歴代の罪人は悉く地獄へ連れ去られ、一応断りましたが罪人が出た家系からは問答無用で財産を没収し、被害者遺族に様々な形で配分しました。
本来ならば第六王子であったカストル王子の遺族にもそれは配分される筈でしたが、彼の血縁は全て粛清されていました。
25年前に新年の祝いで一族で飲んだワインの中毒死とされていますが、カノープスと先王の差し金であった事は判明しています。」
ここで初めて小林七星は現世の冥官に目を向けた。
病室の空調はちょうど良い温度に設定されている。窓は安全に配慮して全開できないようになっている。
彼女は精神的なトラウマで実生活に戻れず、入院生活を送っていた。
「今日は随分と調子が良いのですよ。」と母親が教えてくれたが、穏やかな顔をしていても、目に光はなかった。

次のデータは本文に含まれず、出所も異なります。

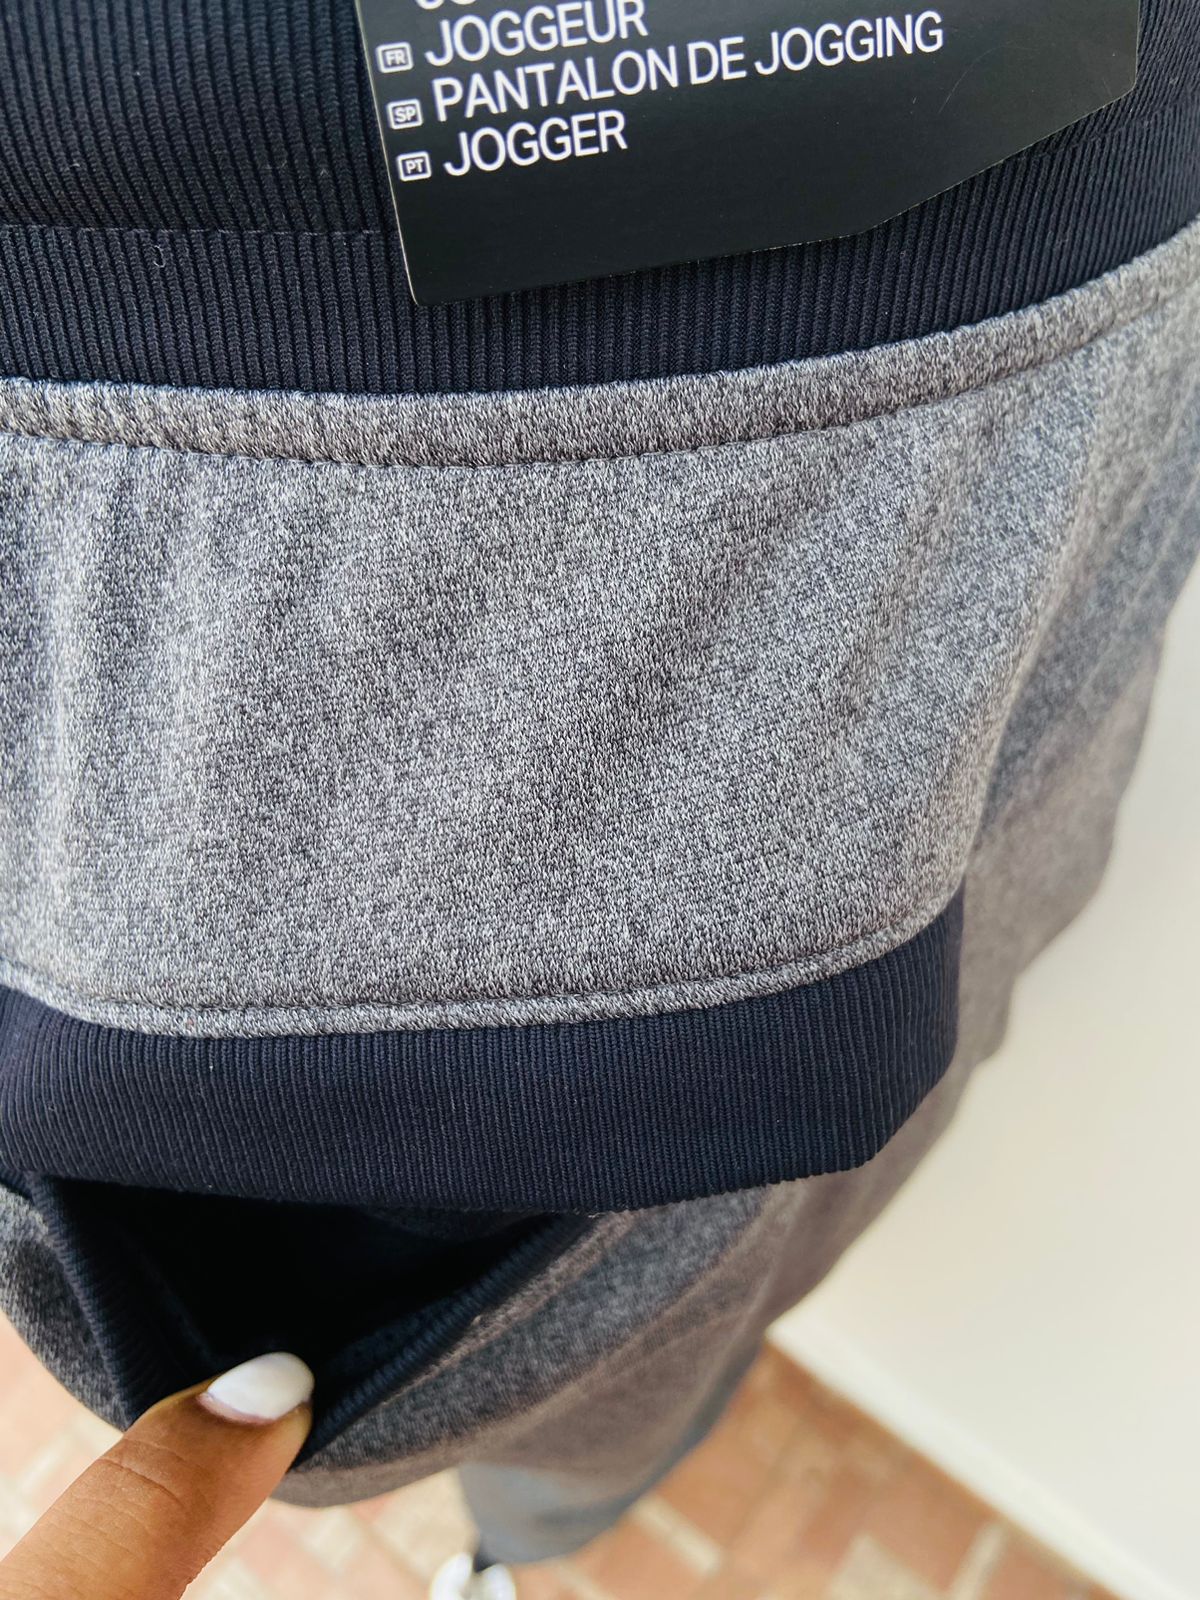 Pantalon/ Jogger UNDER ARMOUR original, gris oscuro con elástico de la cintura y borde de los bolsillos en color negro.

「レグルス王子は大母神が『因果応報』の加護を与えました。
良い行いをすれば良い事が、悪い行いをすれば悪い事が返ってくるという加護です。
内容は本人にも周りにも秘匿されていますが、彼は道を誤らないでしょう。」
「……れ、れ れ ぐ る す?」
「えぇ、レグルスです。
思いやりのある、優しい、カストル王子に似た良い子です。」
「か か、か す と る?」
「えぇ、カストル王子にそっくりですよ」
そう言って七星が抱いている赤ん坊の人形の頭を撫でた。
その様に七星は、にへらと無防備に笑った。
肌や髪は親が手入れをしているためかよく整っているが、全体的に痩せ、幼い印象が残っている。とても二十歳には見えない。
異世界で受けた凶行に傷つき、産んだ子供を愛せなくても、赤ん坊の人形を捨てては拾いを繰り返したという。

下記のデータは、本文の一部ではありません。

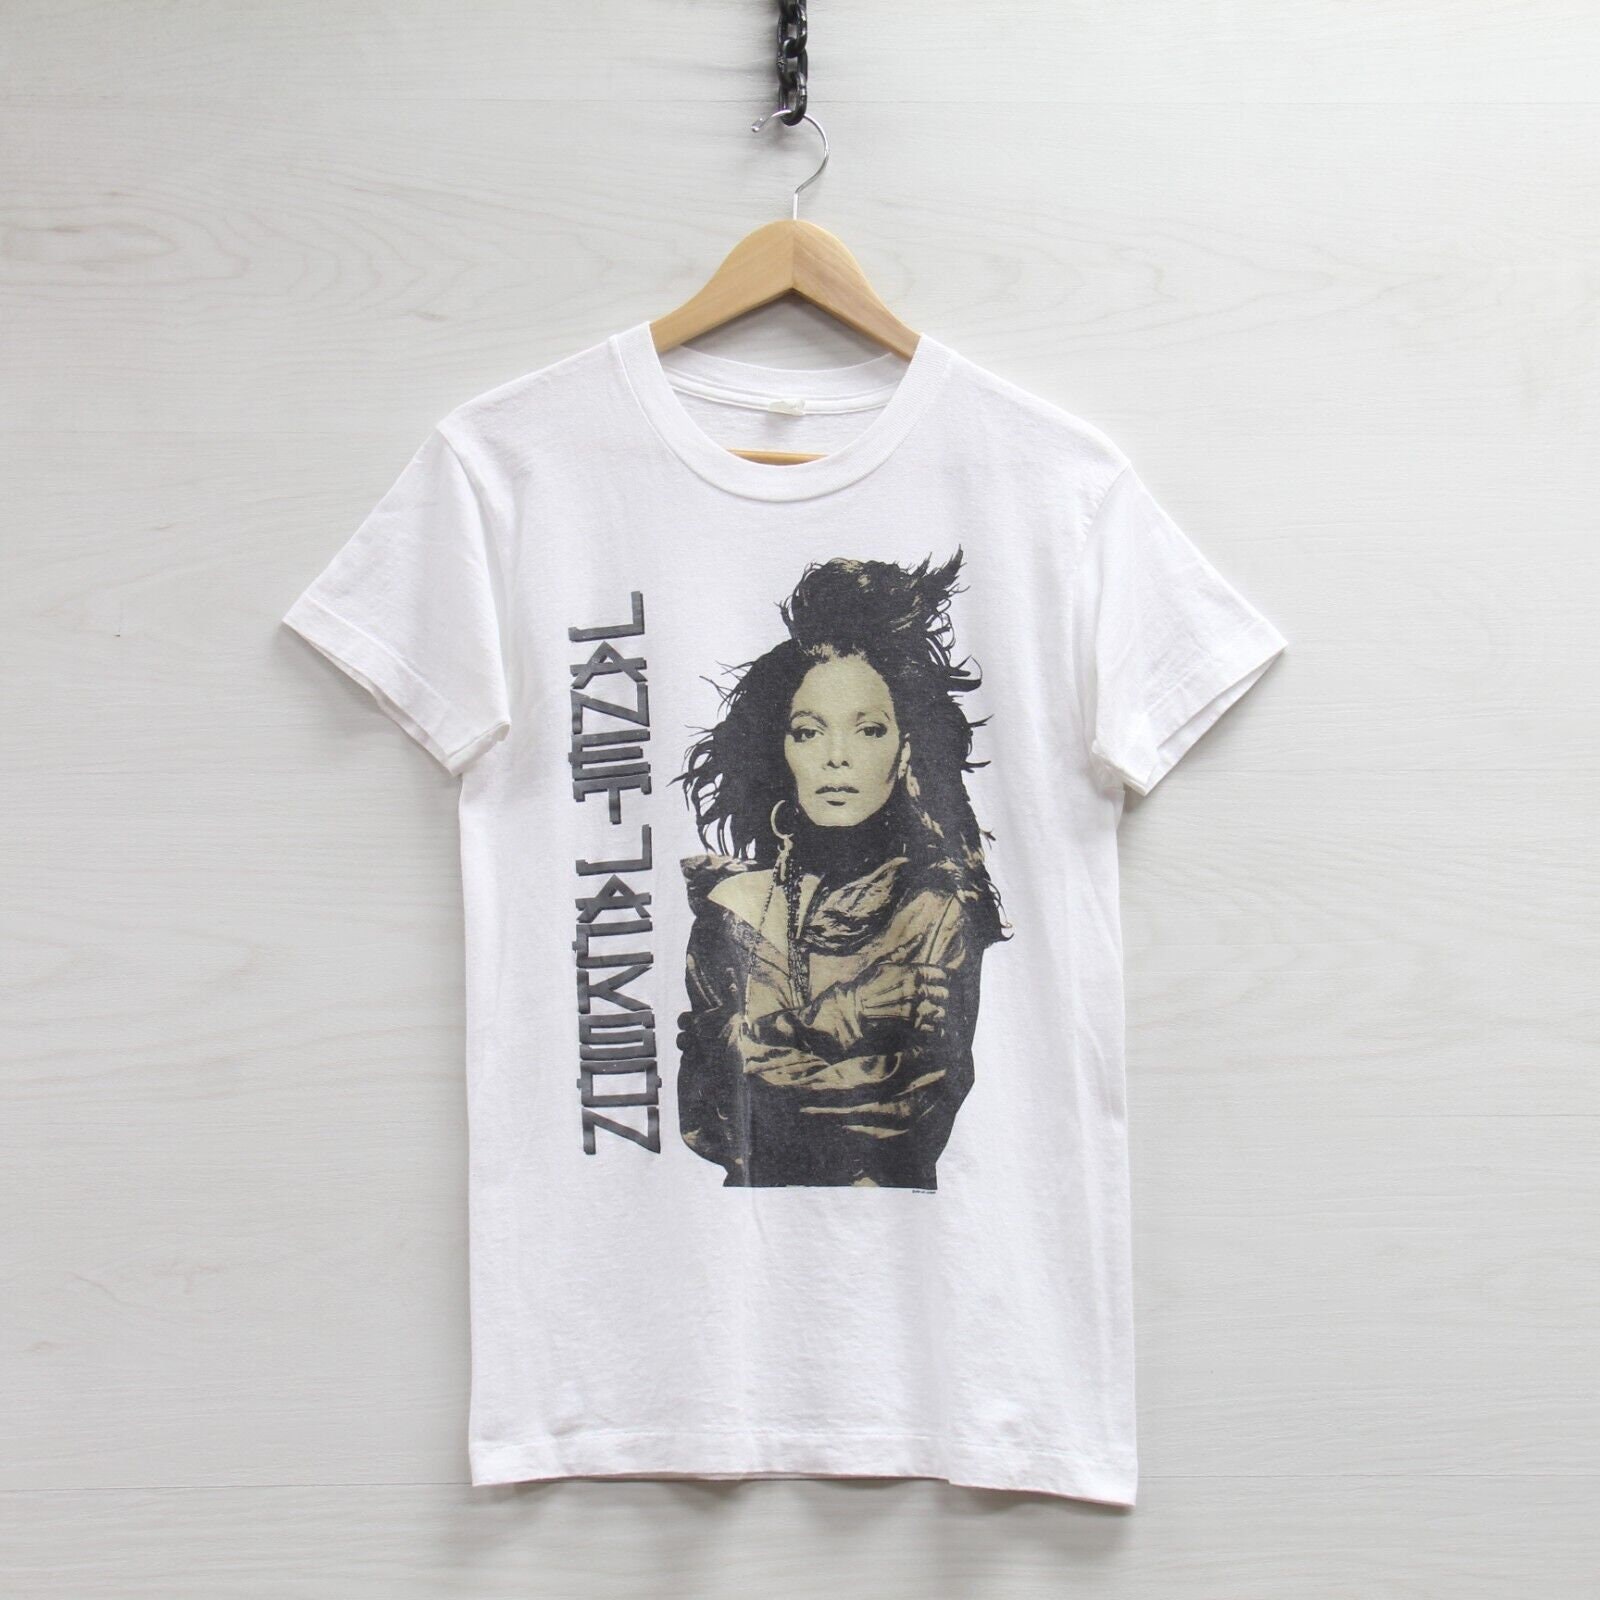 Janet Jackson Shirt - Etsy Canada

浄玻璃の鏡で何度も「怖いの!この子を堕ろしてっ!」と叫んでいた。
産んだ子を化け物のように見つめるも、この子が悪いのではない事を分かっていた。
愛したくても愛せない。
ーーー次第にカストル王子との子であると思い込むようになり、人形を抱く期間が長くなったという。
「ーーー大丈夫。もう怖い人たちはいませんよ。
もう、誰にも攫われる事はありません。」
そう言って冥官は部屋を出た。七星の両親は深く頭を下げた。